──────── Dataset section ────────

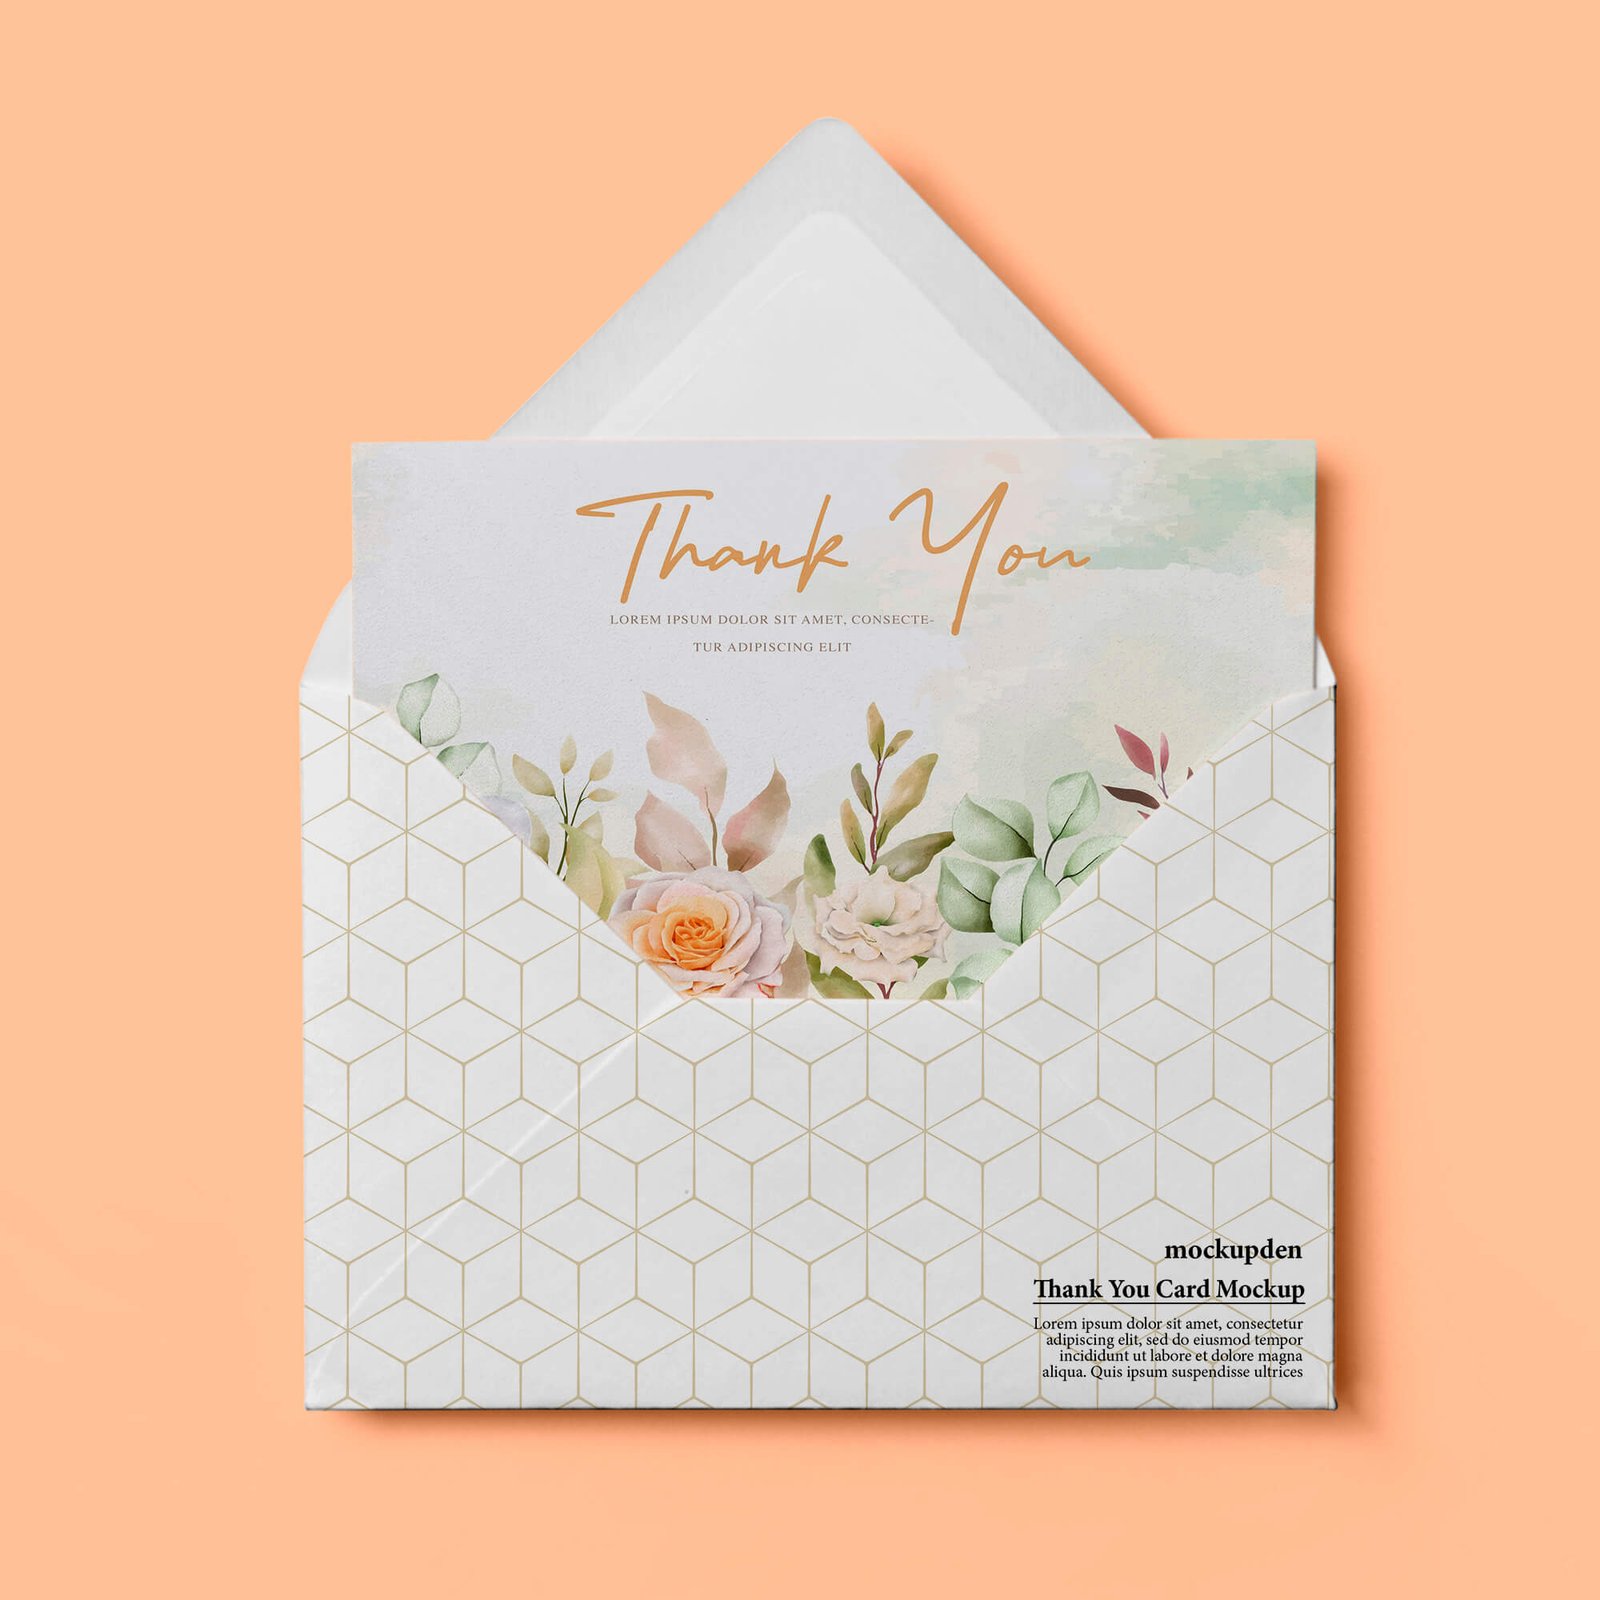 Design Free Thank You Card Mockup PSD Template
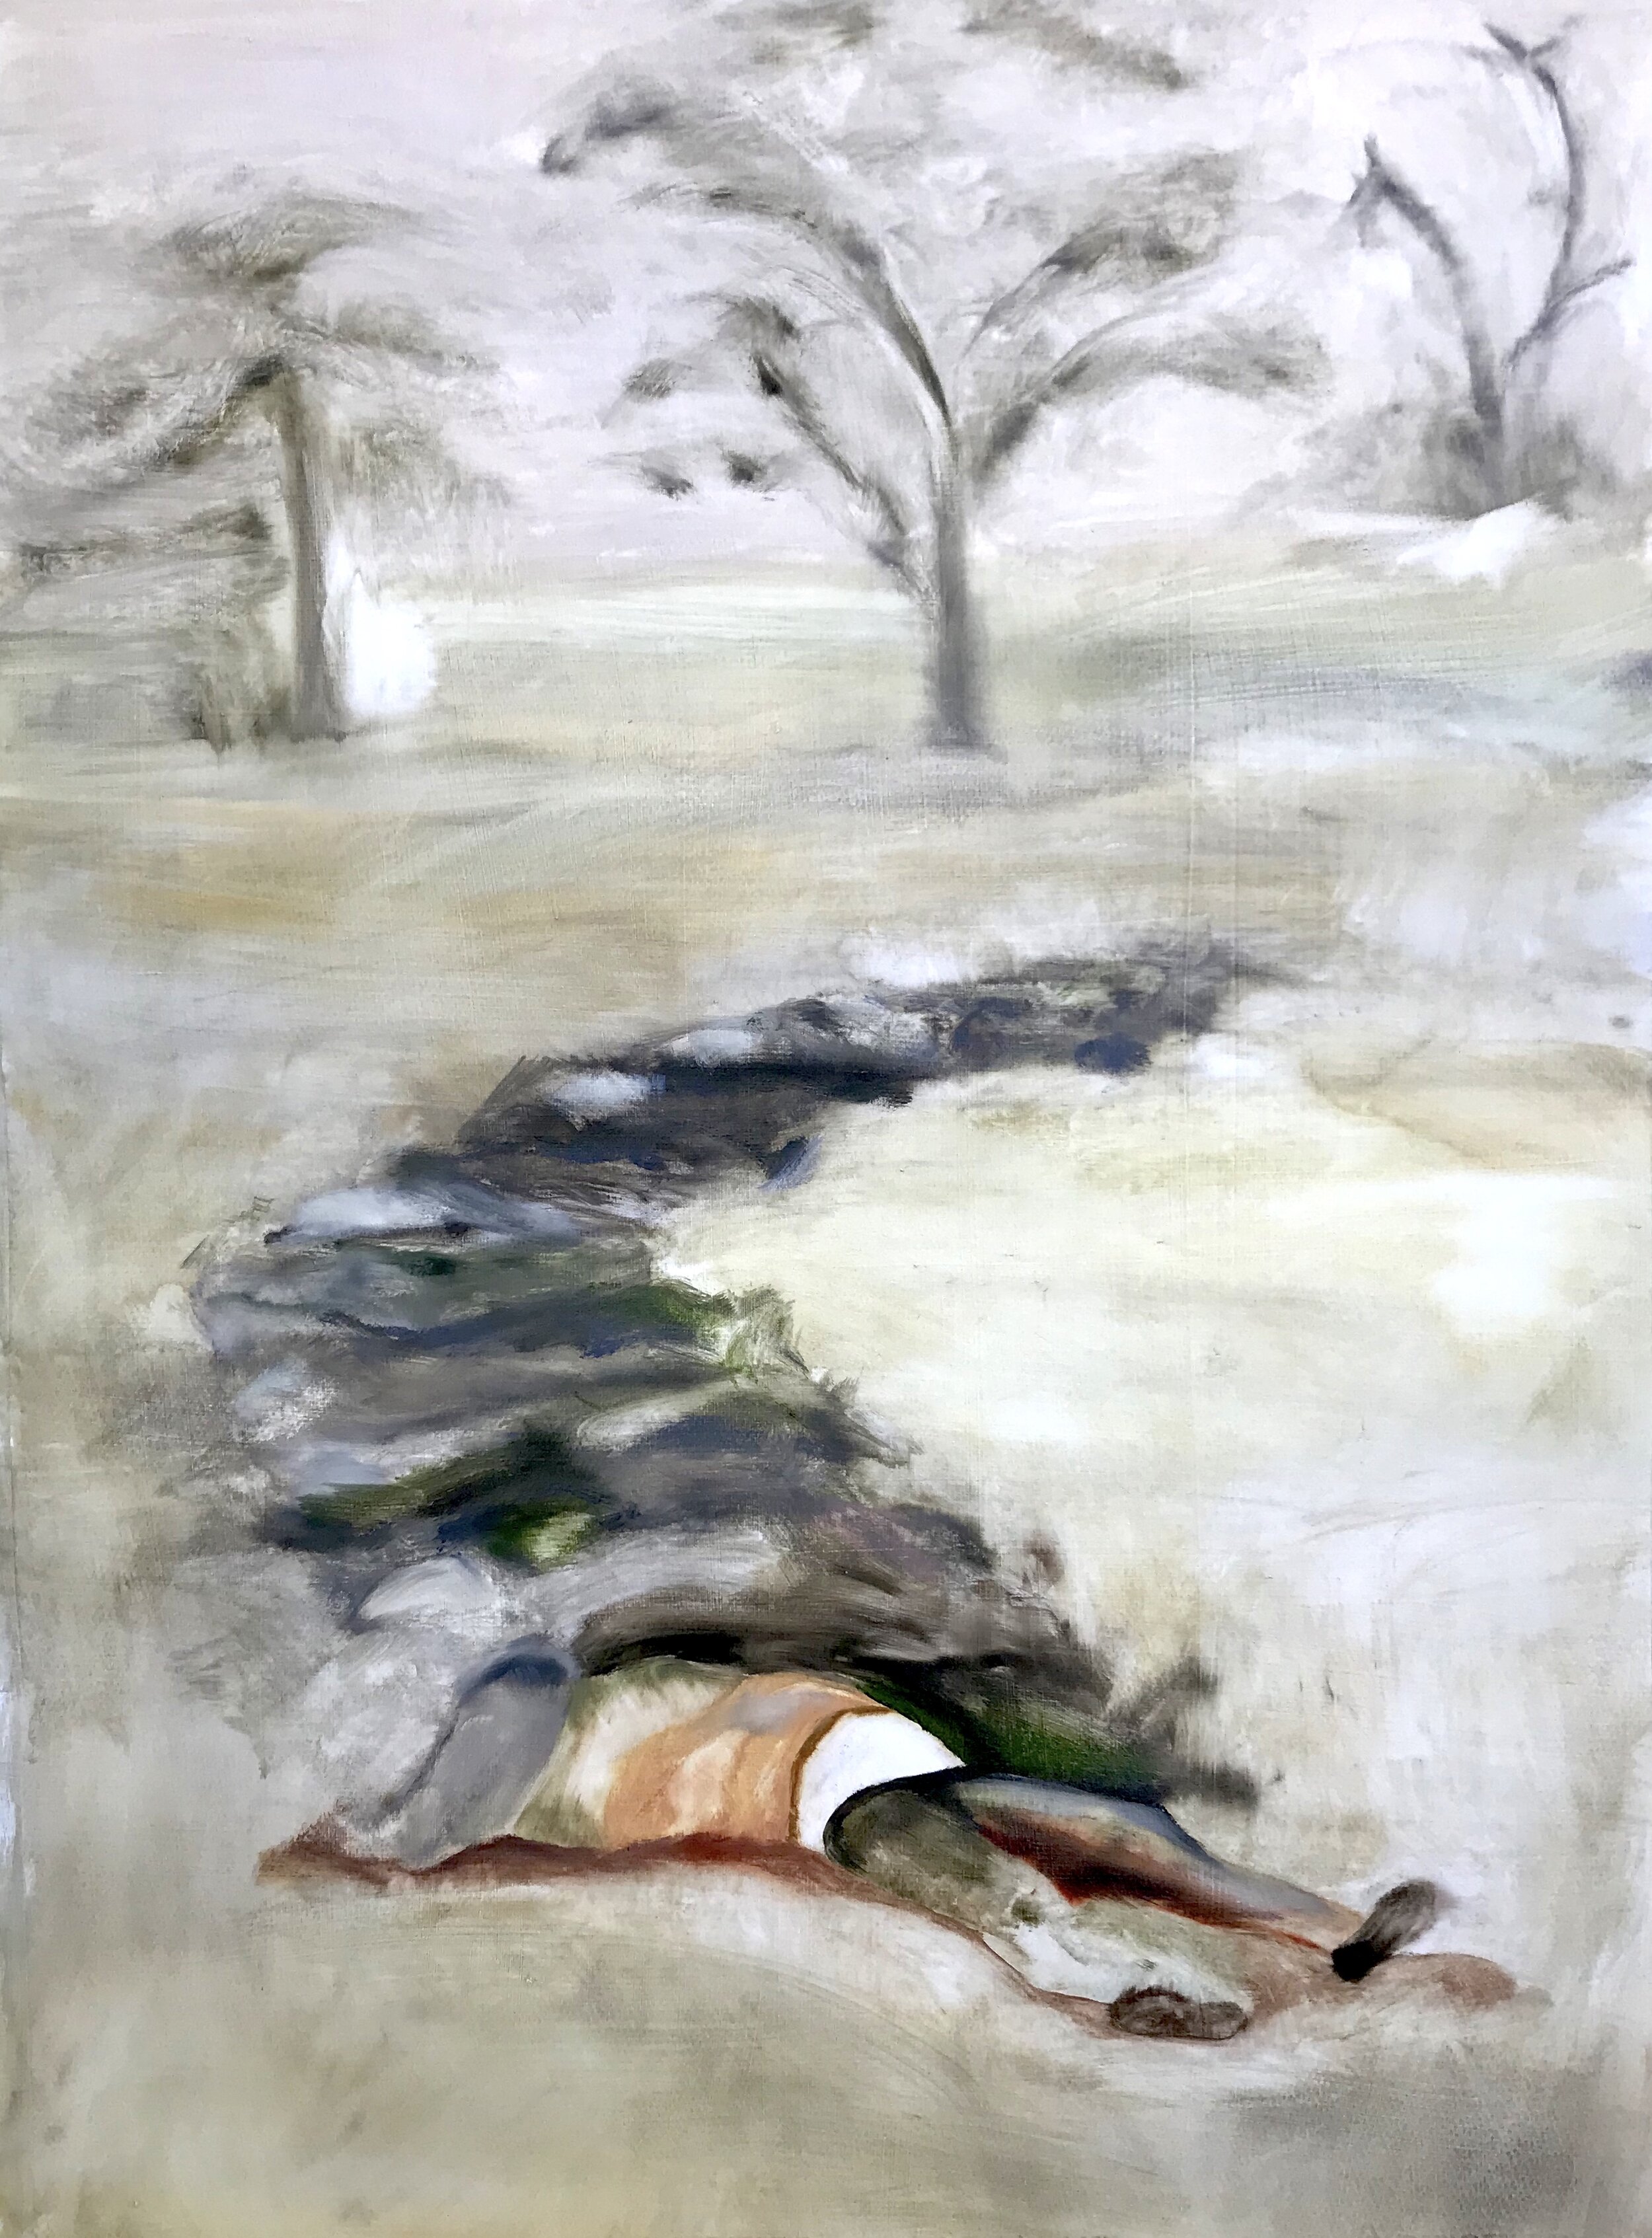  Waiting to be Buried, 1864. 2018. oil on paper. 76.2cm x 55.88cm 
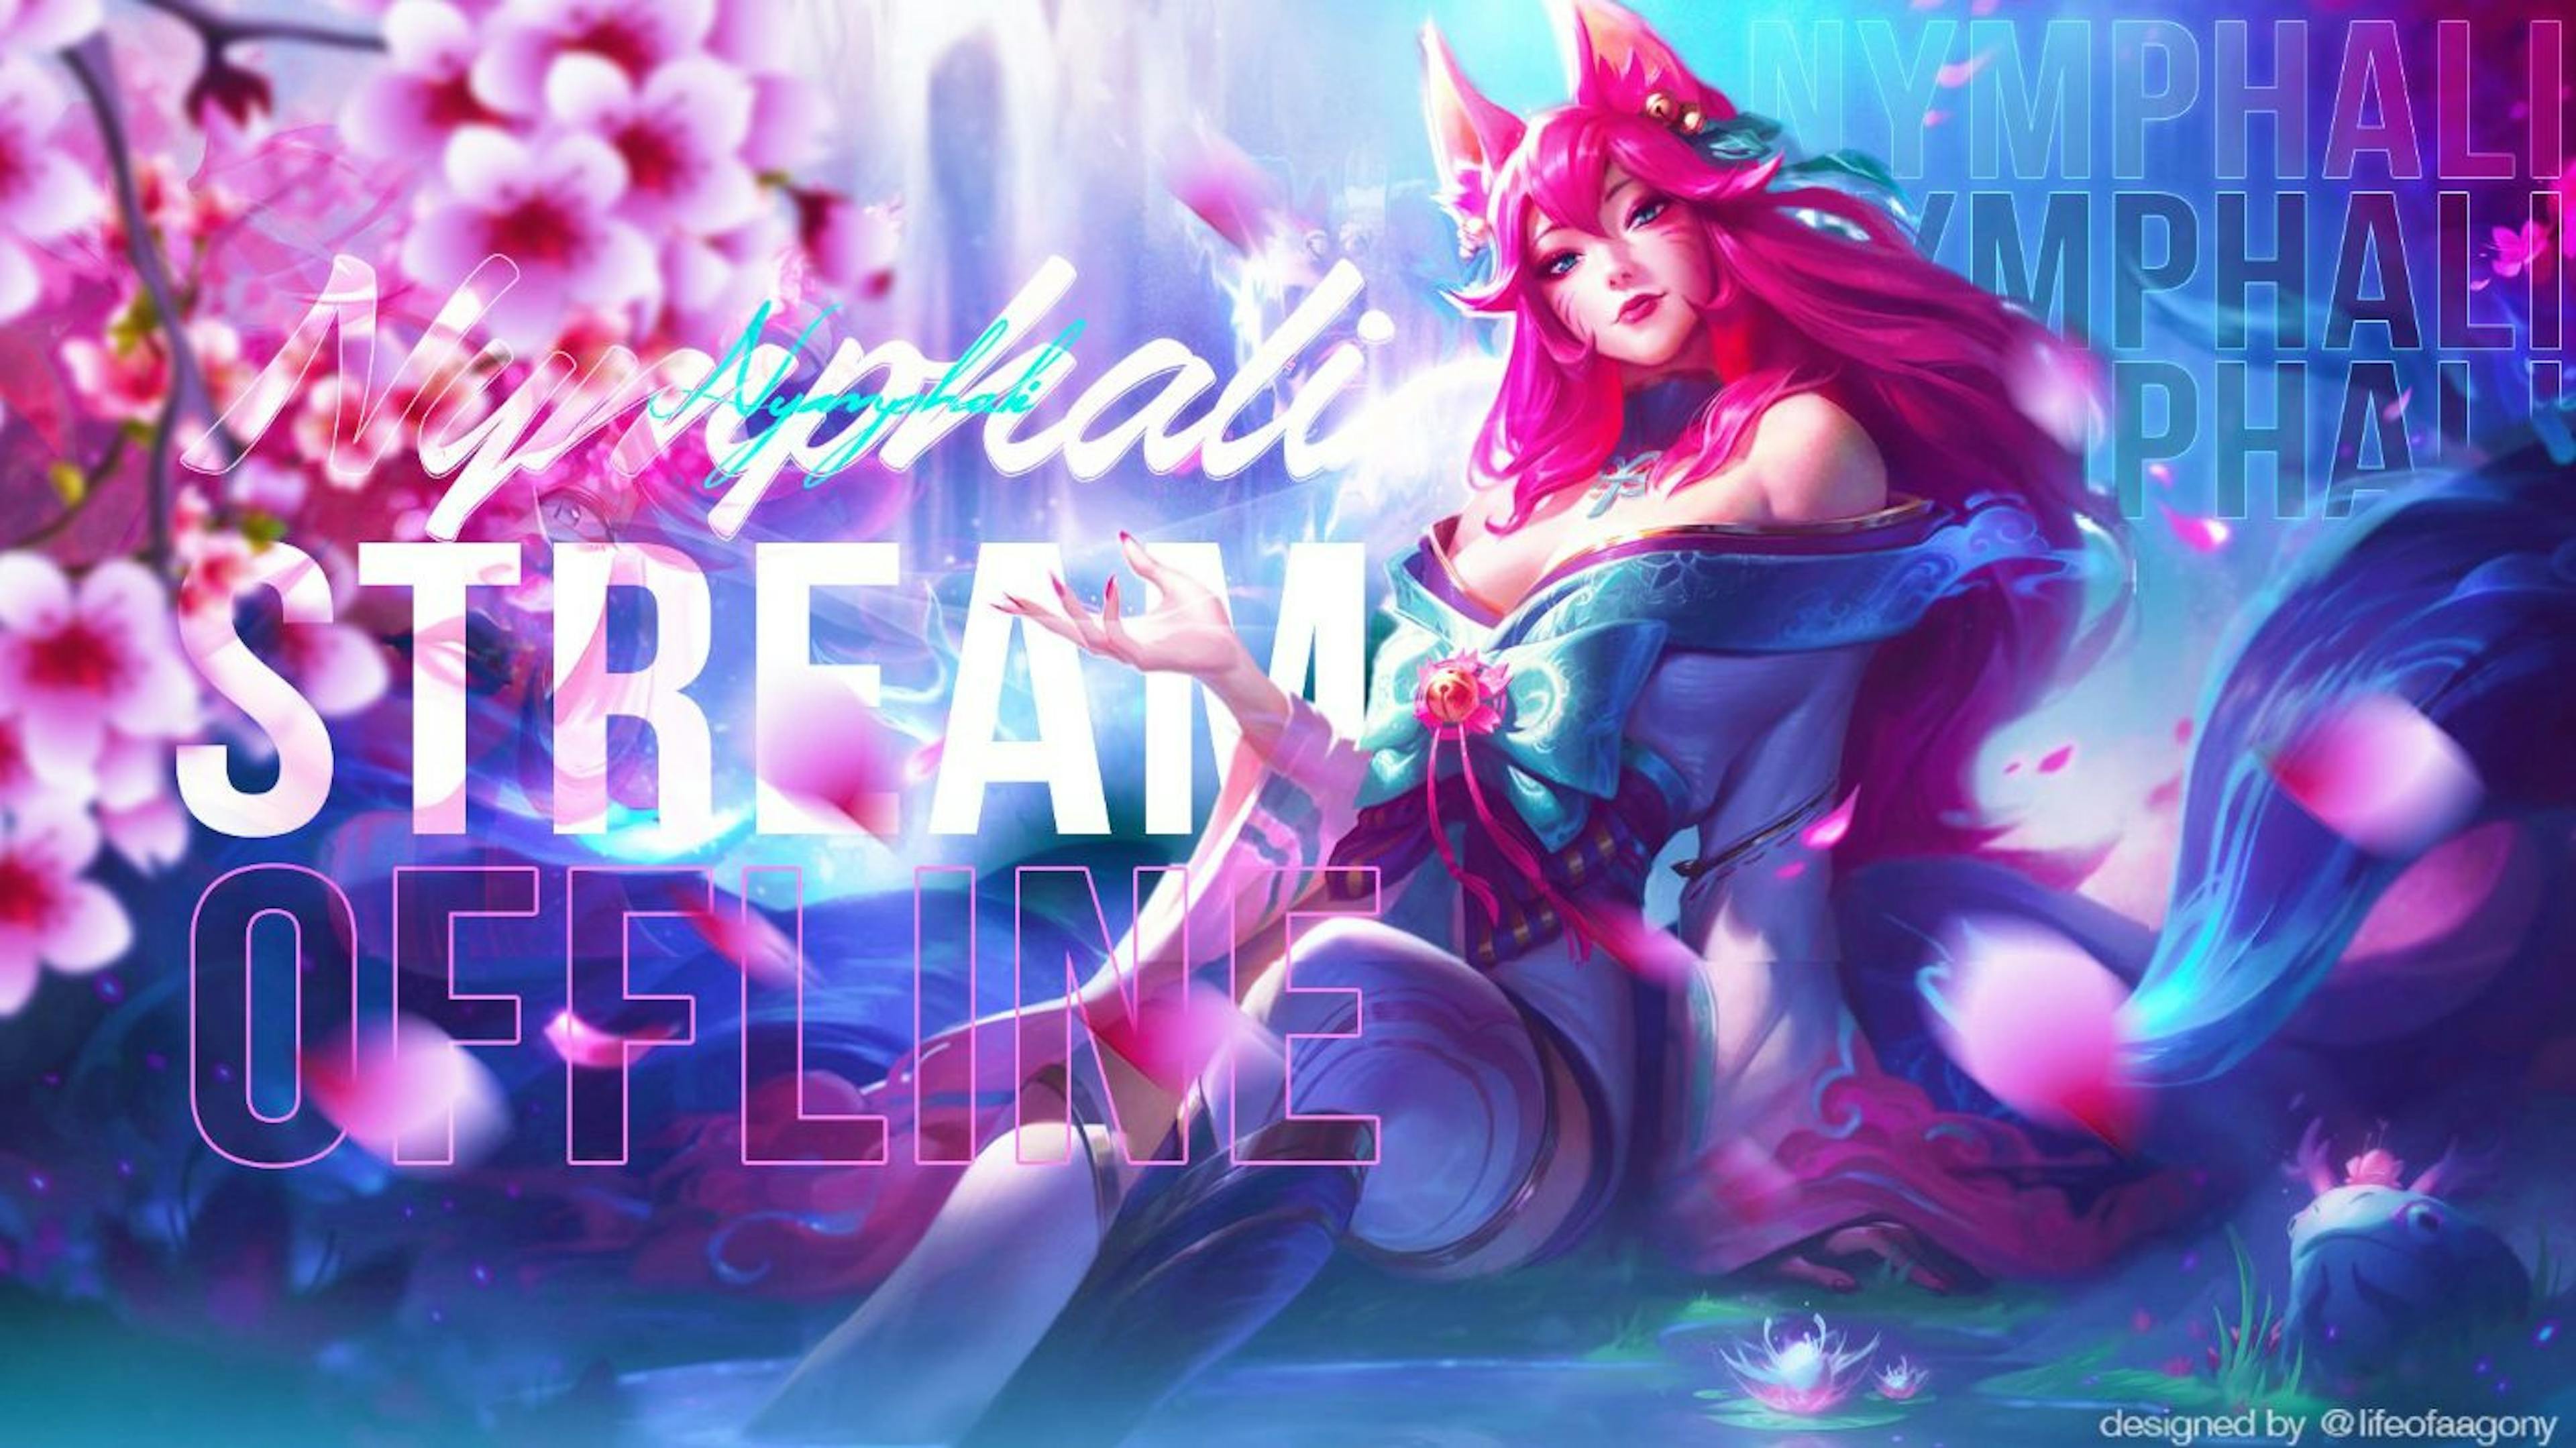 Spirit Blossom Ahri from League of Legends. Image source: Loan MERLIN on Behance.

────────

▶ [How to complete this task] Set down the material above word for word and skip its pictures.

▶ [Written reply]
 Design Free Thank You Card Mockup PSD Template
  Waiting to be Buried, 1864. 2018. oil on paper. 76.2cm x 55.88cm 
 Spirit Blossom Ahri from League of Legends. Image source: Loan MERLIN on Behance.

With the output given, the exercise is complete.